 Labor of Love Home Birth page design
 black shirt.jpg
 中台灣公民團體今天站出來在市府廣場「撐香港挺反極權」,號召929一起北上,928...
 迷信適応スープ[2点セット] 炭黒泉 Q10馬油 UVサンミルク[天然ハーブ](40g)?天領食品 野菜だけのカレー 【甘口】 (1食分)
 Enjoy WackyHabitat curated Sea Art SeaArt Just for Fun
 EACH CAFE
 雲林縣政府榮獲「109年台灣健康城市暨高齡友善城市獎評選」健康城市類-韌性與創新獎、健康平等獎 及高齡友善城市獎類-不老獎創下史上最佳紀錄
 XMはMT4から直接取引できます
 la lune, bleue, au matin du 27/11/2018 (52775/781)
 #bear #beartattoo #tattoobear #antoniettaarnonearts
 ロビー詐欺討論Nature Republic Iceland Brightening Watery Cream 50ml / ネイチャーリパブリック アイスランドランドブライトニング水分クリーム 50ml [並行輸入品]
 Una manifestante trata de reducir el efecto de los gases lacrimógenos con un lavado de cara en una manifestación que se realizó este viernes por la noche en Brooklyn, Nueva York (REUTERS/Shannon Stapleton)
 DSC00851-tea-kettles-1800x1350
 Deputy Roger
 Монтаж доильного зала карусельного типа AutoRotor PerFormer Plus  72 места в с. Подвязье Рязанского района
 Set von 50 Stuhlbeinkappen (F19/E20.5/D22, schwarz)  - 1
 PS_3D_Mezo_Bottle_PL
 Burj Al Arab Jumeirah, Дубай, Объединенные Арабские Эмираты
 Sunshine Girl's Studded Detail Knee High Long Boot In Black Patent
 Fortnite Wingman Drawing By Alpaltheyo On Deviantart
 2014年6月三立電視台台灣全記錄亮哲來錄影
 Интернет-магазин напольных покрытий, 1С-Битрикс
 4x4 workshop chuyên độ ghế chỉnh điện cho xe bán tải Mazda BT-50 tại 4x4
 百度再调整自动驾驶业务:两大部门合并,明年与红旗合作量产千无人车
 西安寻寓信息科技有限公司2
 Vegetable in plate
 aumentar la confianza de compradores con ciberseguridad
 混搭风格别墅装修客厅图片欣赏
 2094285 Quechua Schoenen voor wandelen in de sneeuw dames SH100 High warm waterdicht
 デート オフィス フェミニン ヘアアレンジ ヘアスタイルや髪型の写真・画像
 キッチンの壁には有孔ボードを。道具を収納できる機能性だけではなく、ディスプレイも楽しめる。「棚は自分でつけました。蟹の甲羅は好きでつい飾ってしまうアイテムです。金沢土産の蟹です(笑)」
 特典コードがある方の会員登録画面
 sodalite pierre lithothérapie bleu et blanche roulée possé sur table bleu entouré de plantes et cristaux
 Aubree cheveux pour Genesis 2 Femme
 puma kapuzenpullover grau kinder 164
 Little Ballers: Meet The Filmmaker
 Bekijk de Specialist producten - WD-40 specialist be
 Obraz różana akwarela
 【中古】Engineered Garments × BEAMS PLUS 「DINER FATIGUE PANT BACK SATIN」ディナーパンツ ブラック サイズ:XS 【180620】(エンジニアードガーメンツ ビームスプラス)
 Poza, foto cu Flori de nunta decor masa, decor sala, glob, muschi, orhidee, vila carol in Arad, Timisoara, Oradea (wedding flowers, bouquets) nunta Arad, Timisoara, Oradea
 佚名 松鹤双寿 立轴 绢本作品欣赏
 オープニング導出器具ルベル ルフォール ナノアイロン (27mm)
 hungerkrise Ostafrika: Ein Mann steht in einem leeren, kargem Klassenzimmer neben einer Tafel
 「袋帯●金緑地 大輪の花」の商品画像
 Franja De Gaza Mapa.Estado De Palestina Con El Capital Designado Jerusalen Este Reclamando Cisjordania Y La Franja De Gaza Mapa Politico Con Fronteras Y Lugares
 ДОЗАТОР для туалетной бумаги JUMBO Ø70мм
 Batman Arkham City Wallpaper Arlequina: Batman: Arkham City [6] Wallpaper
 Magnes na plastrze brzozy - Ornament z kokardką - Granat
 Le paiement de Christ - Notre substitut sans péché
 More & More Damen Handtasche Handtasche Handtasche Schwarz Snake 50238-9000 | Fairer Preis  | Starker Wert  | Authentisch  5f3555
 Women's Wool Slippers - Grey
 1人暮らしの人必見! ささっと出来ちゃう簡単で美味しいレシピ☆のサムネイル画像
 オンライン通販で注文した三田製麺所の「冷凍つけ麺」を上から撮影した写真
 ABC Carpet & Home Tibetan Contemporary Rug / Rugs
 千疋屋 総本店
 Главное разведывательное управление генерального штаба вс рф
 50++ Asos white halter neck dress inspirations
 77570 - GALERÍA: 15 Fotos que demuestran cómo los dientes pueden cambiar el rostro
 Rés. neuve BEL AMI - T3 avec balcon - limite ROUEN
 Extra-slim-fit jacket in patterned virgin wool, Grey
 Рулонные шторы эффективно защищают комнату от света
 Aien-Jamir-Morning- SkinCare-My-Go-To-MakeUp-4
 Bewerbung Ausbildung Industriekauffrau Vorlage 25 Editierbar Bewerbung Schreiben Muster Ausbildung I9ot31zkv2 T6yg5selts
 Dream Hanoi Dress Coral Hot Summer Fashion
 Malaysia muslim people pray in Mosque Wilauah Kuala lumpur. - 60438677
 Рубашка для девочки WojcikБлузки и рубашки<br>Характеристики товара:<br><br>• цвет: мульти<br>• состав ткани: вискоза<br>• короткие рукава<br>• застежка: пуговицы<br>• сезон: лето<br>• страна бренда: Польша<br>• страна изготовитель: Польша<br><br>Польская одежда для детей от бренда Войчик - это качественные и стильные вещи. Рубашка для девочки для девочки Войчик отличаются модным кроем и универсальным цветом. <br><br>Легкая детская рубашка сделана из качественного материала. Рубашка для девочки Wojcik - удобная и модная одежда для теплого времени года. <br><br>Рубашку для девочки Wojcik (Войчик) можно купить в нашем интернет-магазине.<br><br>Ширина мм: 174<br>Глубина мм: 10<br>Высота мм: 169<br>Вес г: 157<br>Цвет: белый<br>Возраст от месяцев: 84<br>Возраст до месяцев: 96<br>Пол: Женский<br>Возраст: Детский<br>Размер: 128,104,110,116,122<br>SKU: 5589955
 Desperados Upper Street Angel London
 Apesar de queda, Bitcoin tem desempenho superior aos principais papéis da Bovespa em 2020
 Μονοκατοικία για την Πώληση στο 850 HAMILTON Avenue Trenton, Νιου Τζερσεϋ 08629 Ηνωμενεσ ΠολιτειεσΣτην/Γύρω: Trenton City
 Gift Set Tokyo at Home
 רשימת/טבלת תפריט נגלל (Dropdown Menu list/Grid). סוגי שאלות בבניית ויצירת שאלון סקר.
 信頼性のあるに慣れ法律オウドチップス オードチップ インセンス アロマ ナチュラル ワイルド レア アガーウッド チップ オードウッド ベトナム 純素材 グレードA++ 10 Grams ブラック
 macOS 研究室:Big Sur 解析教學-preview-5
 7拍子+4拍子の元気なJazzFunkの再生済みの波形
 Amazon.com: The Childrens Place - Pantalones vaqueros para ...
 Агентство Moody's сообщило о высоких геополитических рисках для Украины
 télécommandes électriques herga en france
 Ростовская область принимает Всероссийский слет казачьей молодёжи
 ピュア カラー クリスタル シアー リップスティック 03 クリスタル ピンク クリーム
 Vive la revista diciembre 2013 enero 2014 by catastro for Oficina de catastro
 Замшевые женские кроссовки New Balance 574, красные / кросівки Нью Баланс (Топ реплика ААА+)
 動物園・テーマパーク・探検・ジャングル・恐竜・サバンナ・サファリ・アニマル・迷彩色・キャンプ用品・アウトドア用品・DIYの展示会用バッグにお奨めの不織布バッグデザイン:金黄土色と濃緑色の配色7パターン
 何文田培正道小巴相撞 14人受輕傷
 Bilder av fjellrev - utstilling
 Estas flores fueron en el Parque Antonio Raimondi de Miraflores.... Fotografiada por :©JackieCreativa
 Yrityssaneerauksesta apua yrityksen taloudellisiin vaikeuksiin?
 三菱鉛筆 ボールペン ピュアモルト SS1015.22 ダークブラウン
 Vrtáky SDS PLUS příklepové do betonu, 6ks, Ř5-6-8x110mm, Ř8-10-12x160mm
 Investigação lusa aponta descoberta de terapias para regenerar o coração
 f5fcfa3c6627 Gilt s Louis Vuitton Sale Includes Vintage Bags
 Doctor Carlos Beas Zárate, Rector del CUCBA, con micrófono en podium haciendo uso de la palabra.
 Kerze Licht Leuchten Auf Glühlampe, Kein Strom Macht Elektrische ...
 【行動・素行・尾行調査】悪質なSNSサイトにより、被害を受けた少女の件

────────────────

Please transcribe only the portion of the material that starts at the line containing "Замшевые женские кроссовки" and runs through its last line, inclusive, exactly as given.

 Замшевые женские кроссовки New Balance 574, красные / кросівки Нью Баланс (Топ реплика ААА+)
 動物園・テーマパーク・探検・ジャングル・恐竜・サバンナ・サファリ・アニマル・迷彩色・キャンプ用品・アウトドア用品・DIYの展示会用バッグにお奨めの不織布バッグデザイン:金黄土色と濃緑色の配色7パターン
 何文田培正道小巴相撞 14人受輕傷
 Bilder av fjellrev - utstilling
 Estas flores fueron en el Parque Antonio Raimondi de Miraflores.... Fotografiada por :©JackieCreativa
 Yrityssaneerauksesta apua yrityksen taloudellisiin vaikeuksiin?
 三菱鉛筆 ボールペン ピュアモルト SS1015.22 ダークブラウン
 Vrtáky SDS PLUS příklepové do betonu, 6ks, Ř5-6-8x110mm, Ř8-10-12x160mm
 Investigação lusa aponta descoberta de terapias para regenerar o coração
 f5fcfa3c6627 Gilt s Louis Vuitton Sale Includes Vintage Bags
 Doctor Carlos Beas Zárate, Rector del CUCBA, con micrófono en podium haciendo uso de la palabra.
 Kerze Licht Leuchten Auf Glühlampe, Kein Strom Macht Elektrische ...
 【行動・素行・尾行調査】悪質なSNSサイトにより、被害を受けた少女の件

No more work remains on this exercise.